We view the purges racking the enemy camp with astonished satisfaction: how could any movement that wishes to compete for political support be so self-destructive? My own guess is that this is the last, fossilised vestige of the High Victorian faith in progress. Only if you are at the peak can you complacently exclude the thinkers who fall a bit short or express it a little strangely: what was radical in 1830 already looked reactionary in 1864. The difference is only this: the Victorians knew what they were progressing toward, you don’t. And thus has the lofty, commanding confidence of Lord Macaulay given place to the frozen sneer of Burnyeat.

Charles Fairbanks Jr
Johns Hopkins Foreign Policy Institute, Baltimore

Vol. 14 No. 19 · 8 October 1992

Charles Fairbanks Jr (Letters, 10 September) defends Fukuyama’s The End of History and the Last Man on the grounds that it asks a good question: are there powerful forces working for democracy in history? The sad fact is that good questions can receive poor answers. My review (LRB, 23 July) dealt with Fukuyama’s answers, and some of the methods by which he reached them. I was particularly concerned to explain how Kojève’s reading of Hegel fits into the Straussian scheme of things, because relatively few readers in Britain know about Strauss and his baneful influence in the USA.

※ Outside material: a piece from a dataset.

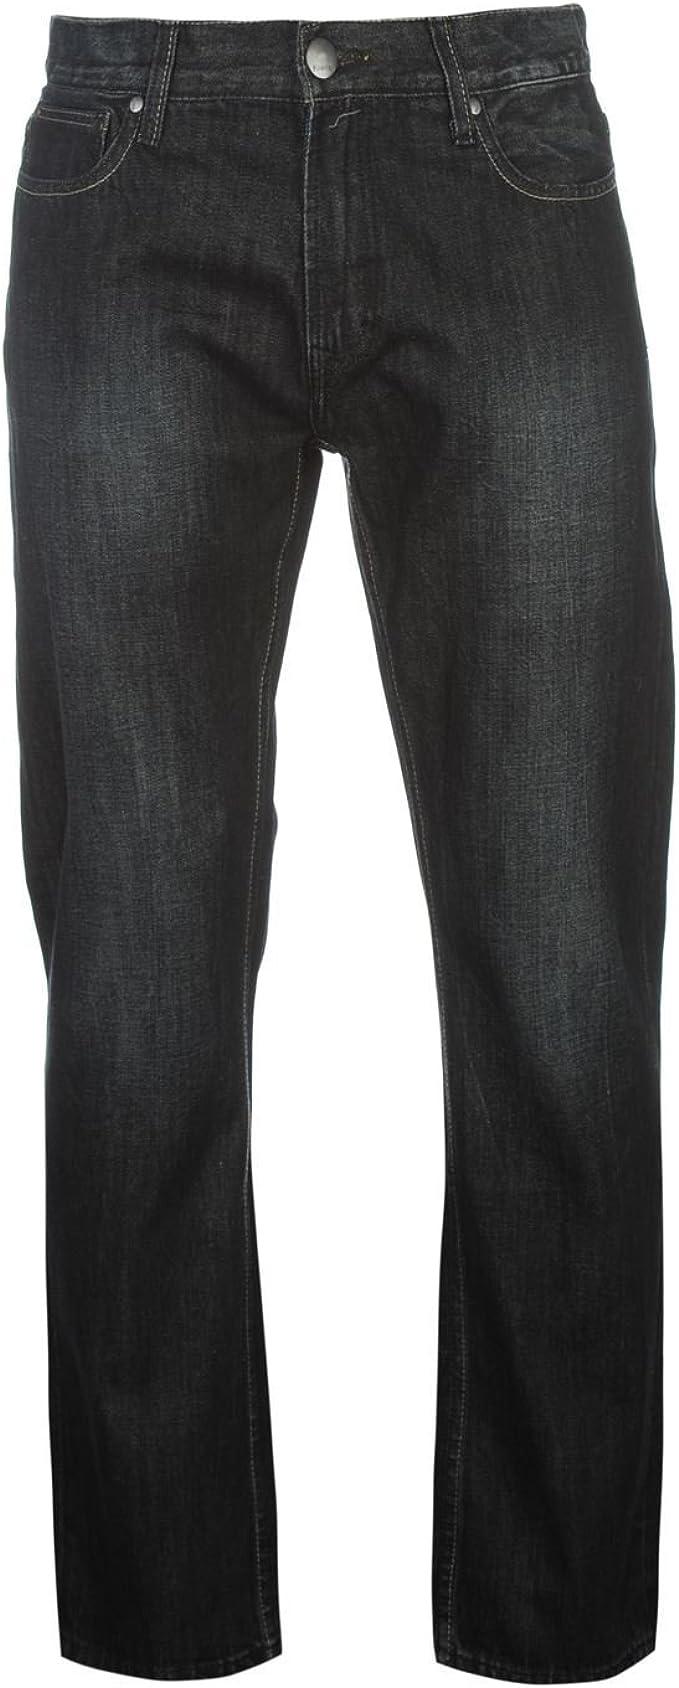 Firetrap Tokyo Jeans Denim Mens Gents

The Straussian context also helps to answer a question that has puzzled reviewers: why is the conservative reception of Fukuyama’s book so enthusiastic? My review does not say that Fukuyama himself is a conservative, let alone that Kojève was. On the contrary, I wrote, ‘there are signs in Fukuyama’s book that he is not firmly convinced that Kojève got everything right,’ implying that it is not clear that the book is shaped by his Straussian education. That fact, I was suggesting, is the key to understanding both why it gives poor answers to a good question and why it attracted such acclaim. It was interesting to learn from Fairbanks that Strauss urged his students to vote for Stevenson in 1952. Even more interesting to learn that he told his students how they should vote.

M.F. Burnyeat
Robinson College, Cambridge

Vol. 14 No. 20 · 22 October 1992

A printing error made my reply to Charles Fairbanks Jr (Letters, 8 October) say the opposite of what it meant. In my letter I wrote, and meant, the following: ‘My review does not say that Fukuyama himself is a conservative, let alone that Kojève was. On the contrary, I wrote, “there are signs in Fukuyama’s book that he is not firmly convinced that Kojève got everything right," implying that it is not clear what Fukuyama himself believes. What is clear is that the book is shaped by his Straussian education.’